# Kidde Fire Extinguisher Recall & Testing



## Leedek (Nov 28, 2010)

I'm sure a lot of us have received the* Kidde Safety Recall* letter concerning* fire extinguishers.* The Kidde website gives all the information on the recall: *ONLY KIDDE EXTINGUISHERS OF A CERTAIN MODEL ARE AFFECTED*.

https://inmarmarketaction.com/kidde/

The letter made me go look at the extinguisher in my 2011 210RS. I have the *First Alert Model KFE2S5 *so I am not affected by the alert.

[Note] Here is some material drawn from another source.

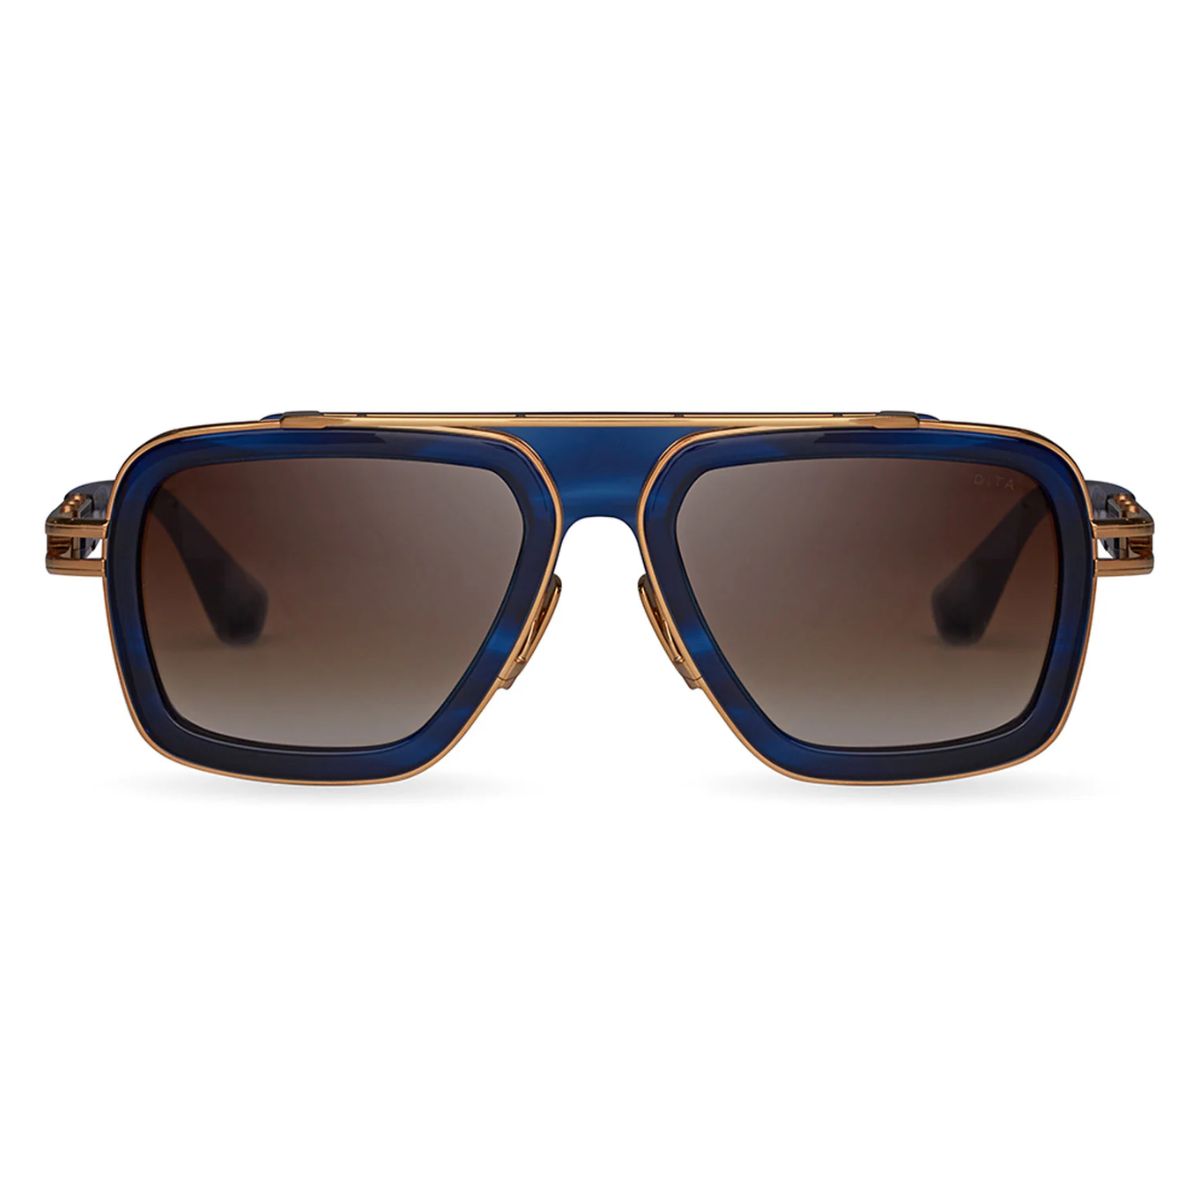 "Stylish Square Sunglasses For Both Men's & Women's | Optorium"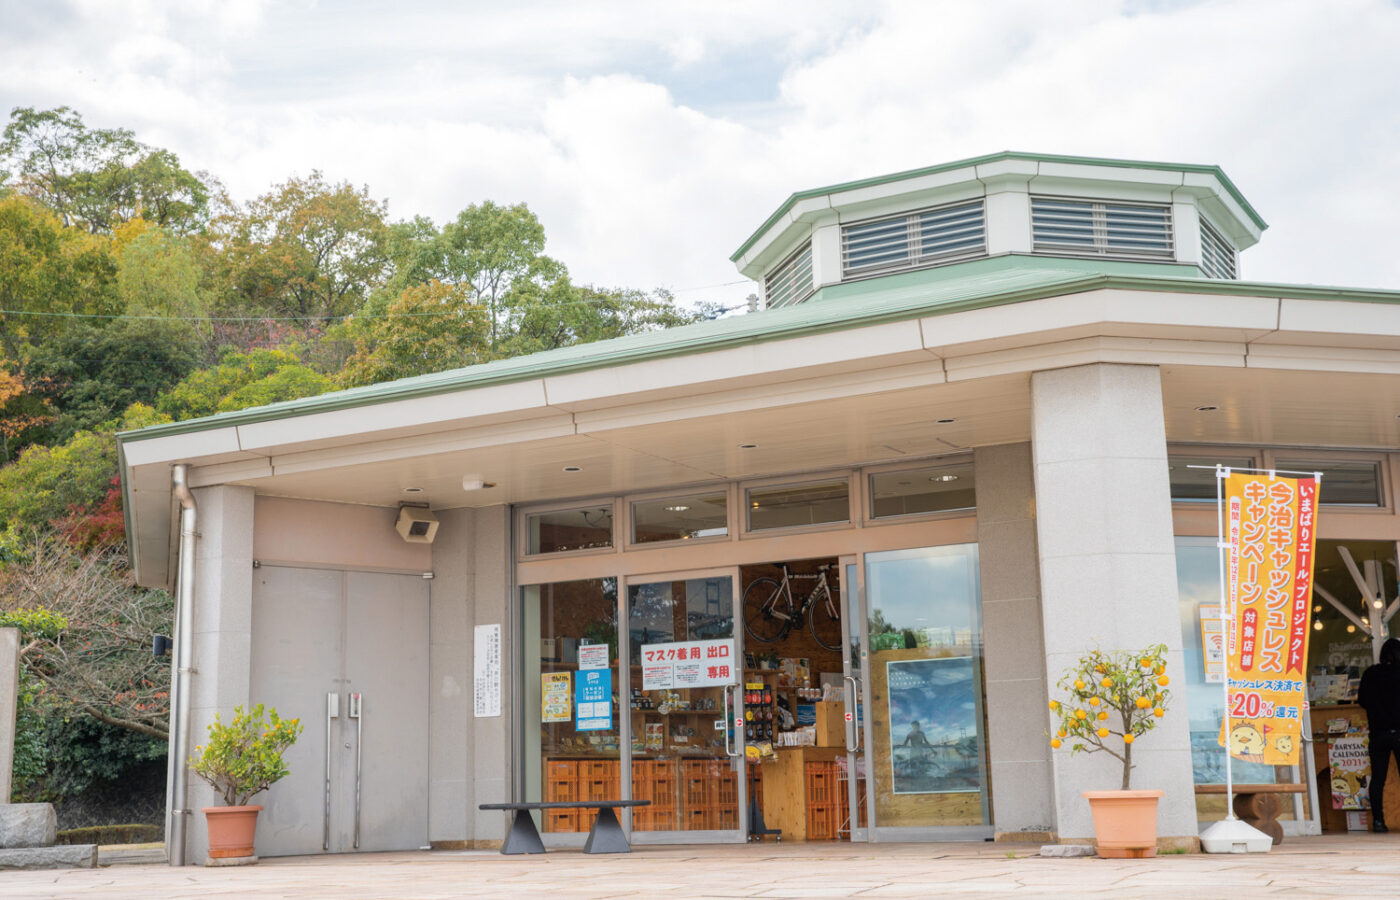 Kurushima Kaikyō  Scenic Overlook Rest Stop and Shop

It wasn't a total waste of time, however. I found the users manual for my extinguisher. ( https://1hwaqv35k3or3y079muiil4q-wpengine.netdna-ssl.com/wp-content/uploads/2017/12/m08-0037-009_kitchen5.pdf ) The routine check of the extinguisher is something I have not been doing. The *GREEN* button on top of the cap springs back when I press it indicating the pressure of the extinguisher is good. When I first pressed the button it felt like it wasn't going to go down at all. I persevered and the sticky button unstuck and... viola, I better understand the testing procedure.

I share this information because I am sure that I am not alone when it comes to the testing procedure. Be safe, test our extinguisher, and get a free new one if yours is on the list of those Kidde's on the recall.

Leigh


----------



## Tiger02 (Apr 16, 2006)

I'll be making the trip out to my storage lot to check mine. Hopefully my 2006 will also have a First Alert as well.


----------



## Stumpy75 (Feb 26, 2014)

I just got the recall in the mail yesterday. Trailer is in storage, so I'll wait until I get it out to check.

Edit 4/4/18: Just got the camper home today and I also have the First Alert fire extinguisher, so I'm not affected either.


----------